2015-11-05 Thread sjw
I would like to see SHA-3 signatures and Ed25519/curve25519 ASAP.
The later one is not that far away [1].
Maybe it's the right time to consider them?

[1] https://bugzilla.mozilla.org/show_bug.cgi?id=957105


Am 05.11.2015 um 19:46 schrieb Kathleen Wilson:
> The next two topics to discuss [1] have to do with section 8 of
> Mozilla’s CA Certificate Maintenance Policy.
>
> The proposals are:
> - (D15) Deprecate SHA-1 Hash Algorithms in certs.
> and
> - (D4) In item #8 of the Maintenance Policy recommend that CAs avoid
> SHA-512 and P-521, especially in their CA certificates.

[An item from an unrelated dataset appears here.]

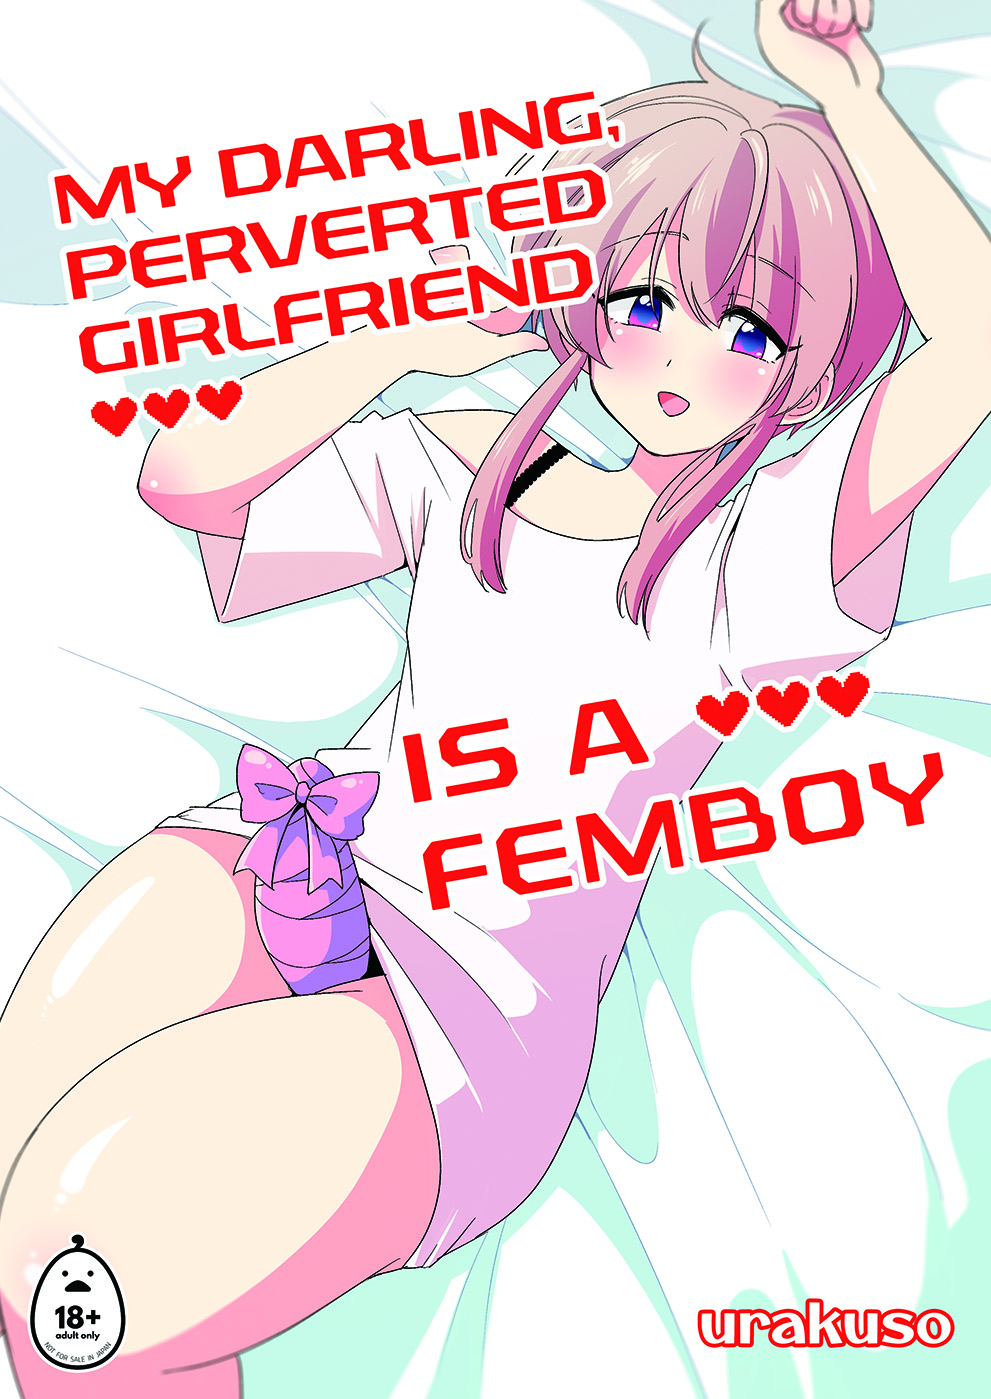 Femboy hub on X: A new femboy hentai doujinshi brought by @irodoricomics  t.co7cuJyL5oj0 t.coyPzz84S9II  X
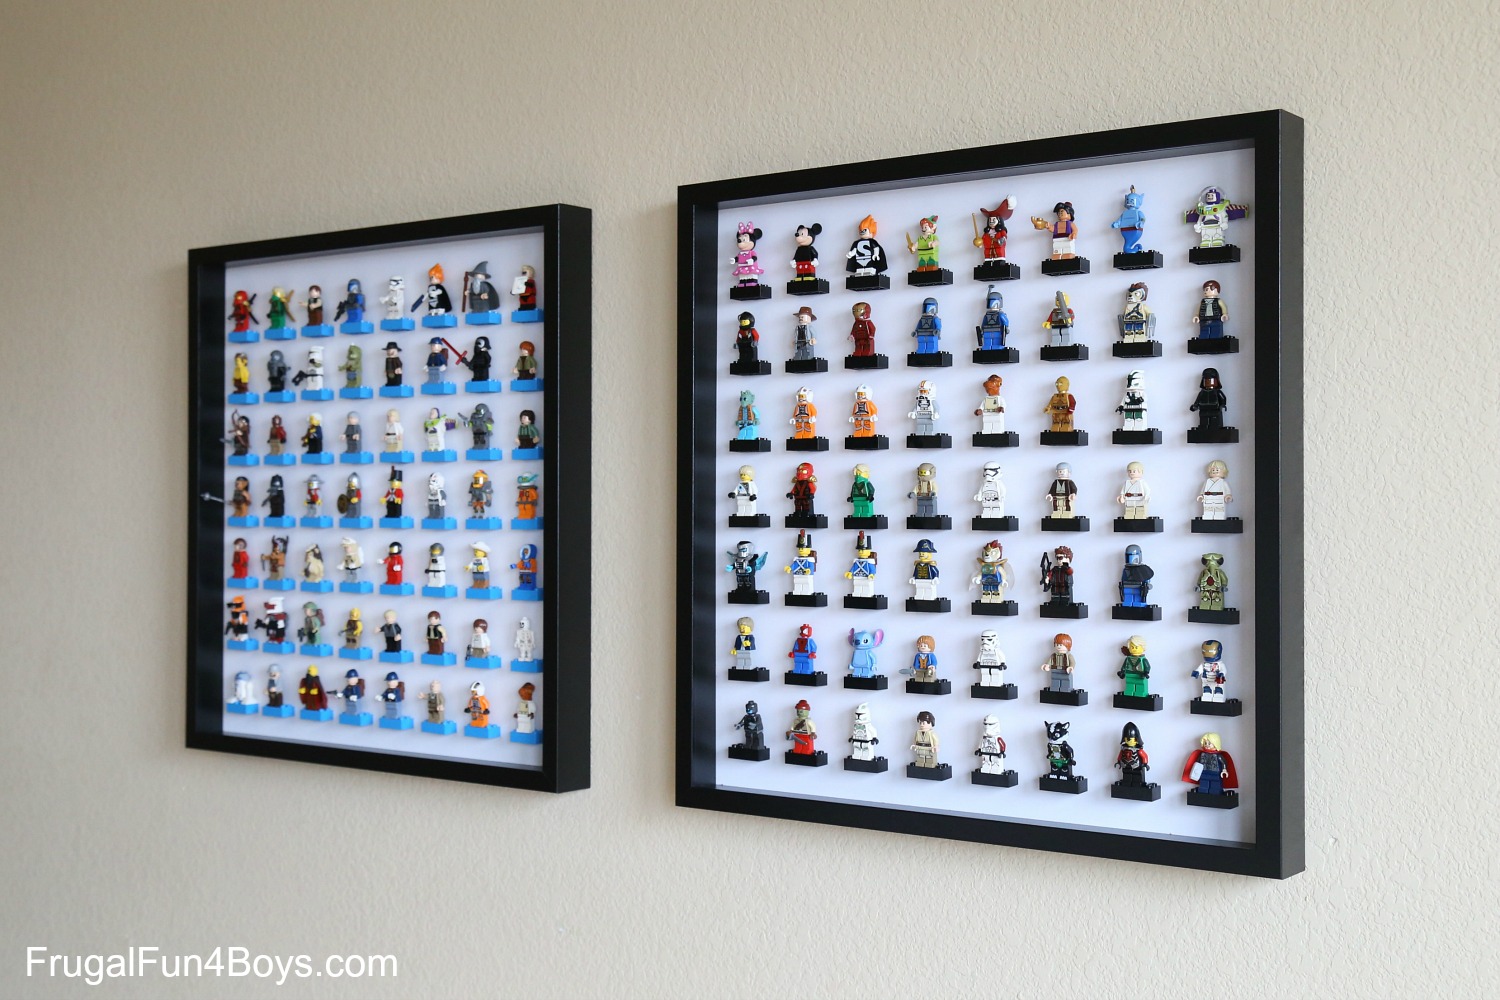 Lego minifiguras Display

This is to
> ensure interoperability, as SHA-512 and (especially) P-521 are less
> well-supported than the other algorithms. (Note: On the page you
> linked to, P-521 is incorrectly spelled "P-512".)
> -- Not sure if we should make this change...
>
> Bug https://bugzilla.mozilla.org/show_bug.cgi?id=1129083 was filed to
> remove support for certs signed using SHA-512-based signatures, but it
> was closed as invalid, and SHA-512 support was fixed via
> https://bugzilla.mozilla.org/show_bug.cgi?id=1155932
>
> Bug https://bugzilla.mozilla.org/show_bug.cgi?id=1129077 was filed to
> remove support for certs that use the P-521 curve. But this is still
> up for discussion.
>
> So, do we really want to add a comment to Mozilla's policy about
> limited support for SHA-512 and P-521?
>
> Here's what Mozilla's policy currently says:
> https://www.mozilla.org/en-US/about/governance/policies/security-group/certs/policy/maintenance/
>
> ~~
> 8. We consider the following algorithms and key sizes to be acceptable
> and supported in Mozilla products:
> - SHA-1 (until a practical collision attack against SHA-1 certificates
> is imminent);
> - SHA-256, SHA-384, SHA-512;
> - Elliptic Curve Digital Signature Algorithm (using ANSI X9.62) over
> SECG and NIST named curves P-256, P-384, and P-512;
> - RSA 2048 bits or higher; and
> - RSA 1024 bits (only until December 31, 2013).
> ~~
>
> I recommend that we change it to the following:
> ~~
> 8. We consider the following algorithms and key sizes to be acceptable
> and supported in Mozilla products:
> - SHA-256, SHA-384, SHA-512;
> - Elliptic Curve Digital Signature Algorithm (using ANSI X9.62) over
> SECG and NIST named curves P-256, P-384, and P-521; and
> - RSA 2048 bits or higher.
> ~~
>
> Another option is to delete this section from Mozilla's policy,
> because it is covered by the Baseline Requirements. However, the
> Baseline Requirements allows for DSA, which Mozilla does not support.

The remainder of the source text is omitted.